- Interactive map of the Decision Theater area

General information
- Type: Research Institute
- Location: Arizona State University: Tempe Campus, 21 E 6th Street, Suite 126A Tempe, Arizona 85287
- Coordinates: 33°25′26.00″N 111°56′20.25″W﻿ / ﻿33.4238889°N 111.9389583°W
- Owner: Arizona State University

= Decision Theater =

Venue at ASU, Tempe, Arizona

The Decision Theater at Arizona State University is an 8000 sqft visualization environment that accommodates up to 30 participants.

The core component of the Decision Theater is the ‘drum’ comprising a 260-degree faceted screen, seven rear-projection passive stereo sources, tracking devices and surround sound. This enables data to be displayed and interacted with in a panoramic setting using 2D or 3D stereoscopic video.

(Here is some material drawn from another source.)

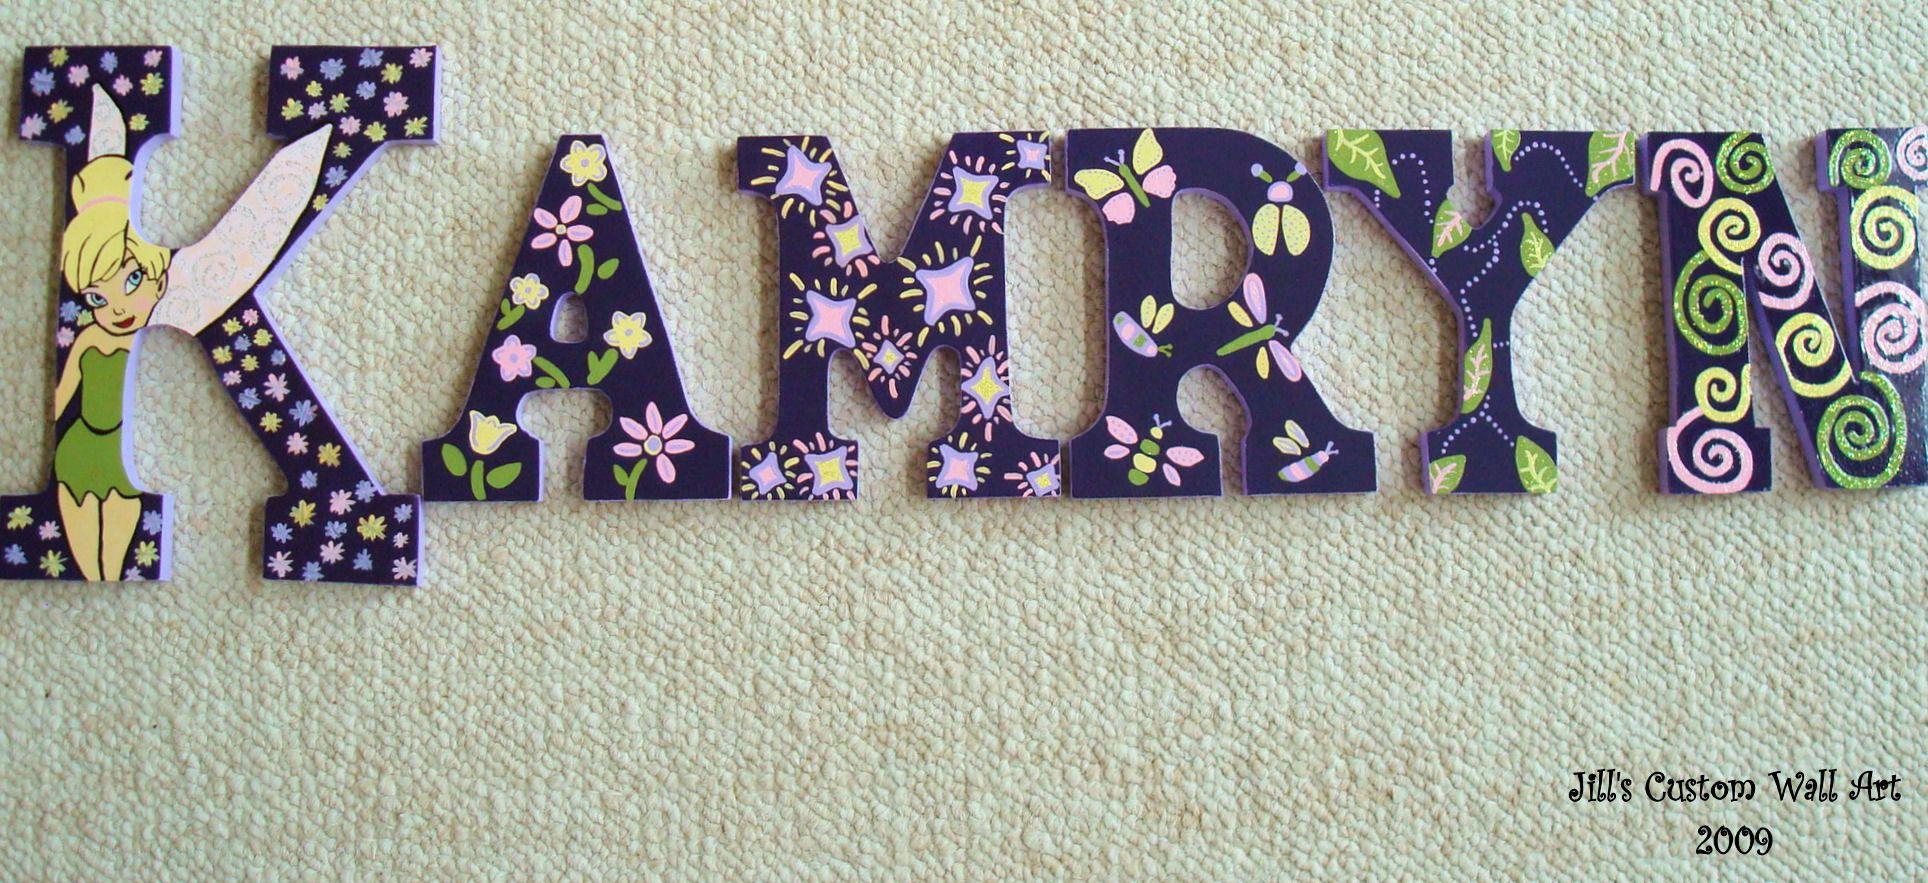 Super cute Kamryn wood letters!   Custom wall art, Kamryn

Unlike some visualization labs and flat-wall display facilities, the Decision Theater is an immersive environment designed for collaboration. Participants are often arranged in a conference configuration to improve human engagement with each other and to interact with the visual information around them. They can take advantage of a variety of tools to improve decision making including 3D and geospatial visualization, simulation models, system dynamics, and computer-assisted tools for collecting participant input and collaboration. They also have access to the university’s ongoing research in policy informatics, design, geography, computational science, business, psychology and mathematics.

The facility is used by federal, state and local government agencies, community planners and policy makers in business to address complex problems ranging from hyper growth, and water resource management to disease monitoring. These fall into four domains: Urban growth, Public health, Education, and Environment.

The Decision Theater concept originated in 2005 and reflects the university leadership’s desire to create a different type of visualization center, one focused on issues related to new urbanism, smart growth and sustainability. That vision called for the creation of a space where researchers at the university and community could explore common issues in a neutral setting.